The extraordinary thing about Samuel’s shop 

was the storeroom, which was really just a broom closet with a single lightbulb, that had… ideas. It seemed to sense what people needed most, even when they didn't know it themselves.

     It began subtly. A woman would buy the last spool of cherry red ribbon. The next customer, hoping for ribbon would lament its absence. Samuel would murmur, “Let me just check in the back,” and would return, not with cherry red, but with a spool of sea green silk ribbon, to which it would be declared was what they’d truly wanted.

    On a perfectly ordinary Tuesday, a small boy with broken heart bought the last licorice whirl. Moments later, his sister entered, craving the very same. 

Samuel sighed, reached under the counter, and produced not a licorice whirl, but a paper bag of honey lemon drops. “My favorite!” the girl gasped, her tears vanishing.

It went on like this, as such things often do.

A man would come in for nails and leave with twine he did not know he needed.
A woman would ask after candles and find herself with matches instead.
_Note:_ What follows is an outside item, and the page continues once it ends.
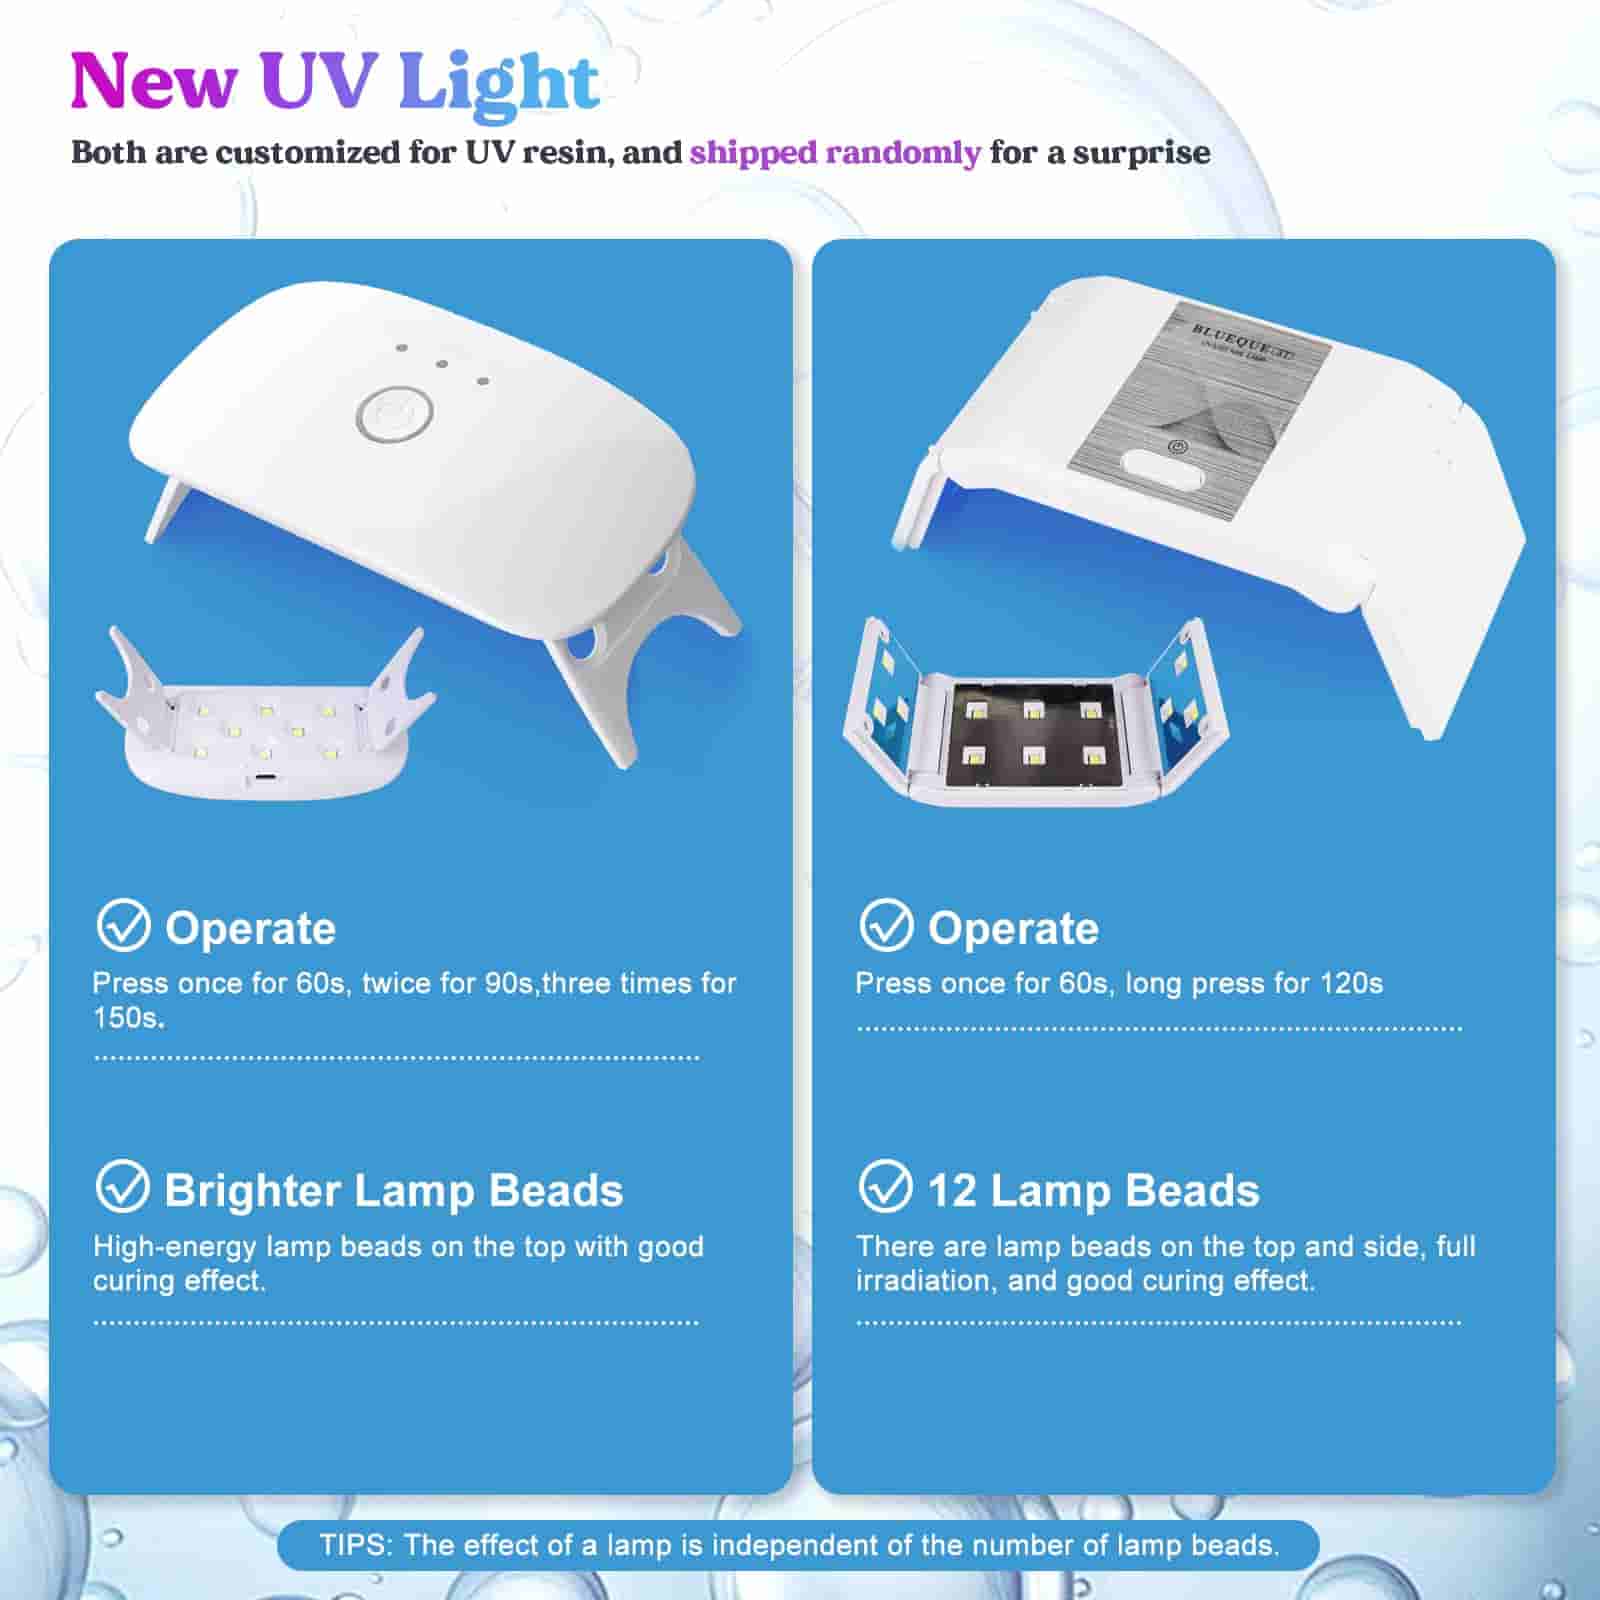 Pixiss UV Resin, Resin Tape & UV Mini Light with Free Accessories Kit

No one thought much of it. Or if they did, they found no reason to question it.

After all, Samuel always checked in the back.

That evening, when the bell above the door gave its final, tired chime, Samuel turned the sign to Closed and lingered a moment behind the counter.
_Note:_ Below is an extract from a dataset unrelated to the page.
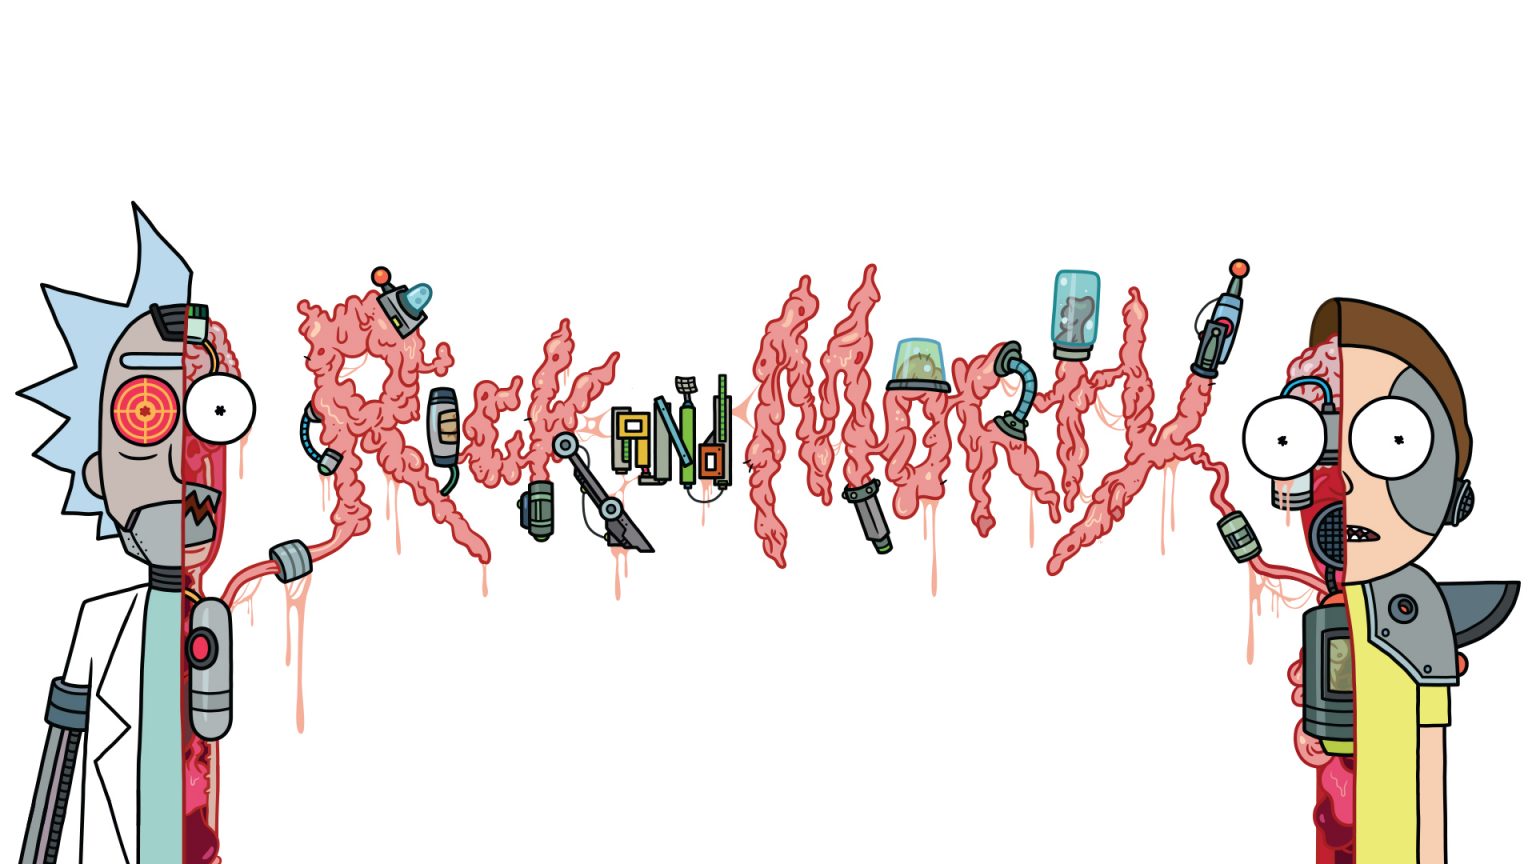 rick and morty season 1 download reddit

The shop settled around him. 

Samuel gathered a few stray coins, straightened a jar that did not need straightening, and then 

Went to check the back, it was as it always was. Small. Bare. The single bulb humming softly overhead.

He stood there longer than necessary.

Waiting.

For what, he could not have said.

At last, he gave a small nod, as if something had been answered, though nothing had changed at all, and stepped back into the shop.

No one knew when the shop had first begun knowing things.
But it had not always been so generous.
Not until Samuel.

The bulb in the back flickered warmly as he passed.

And if one had been very quiet, very still
it might have seemed almost… pleased.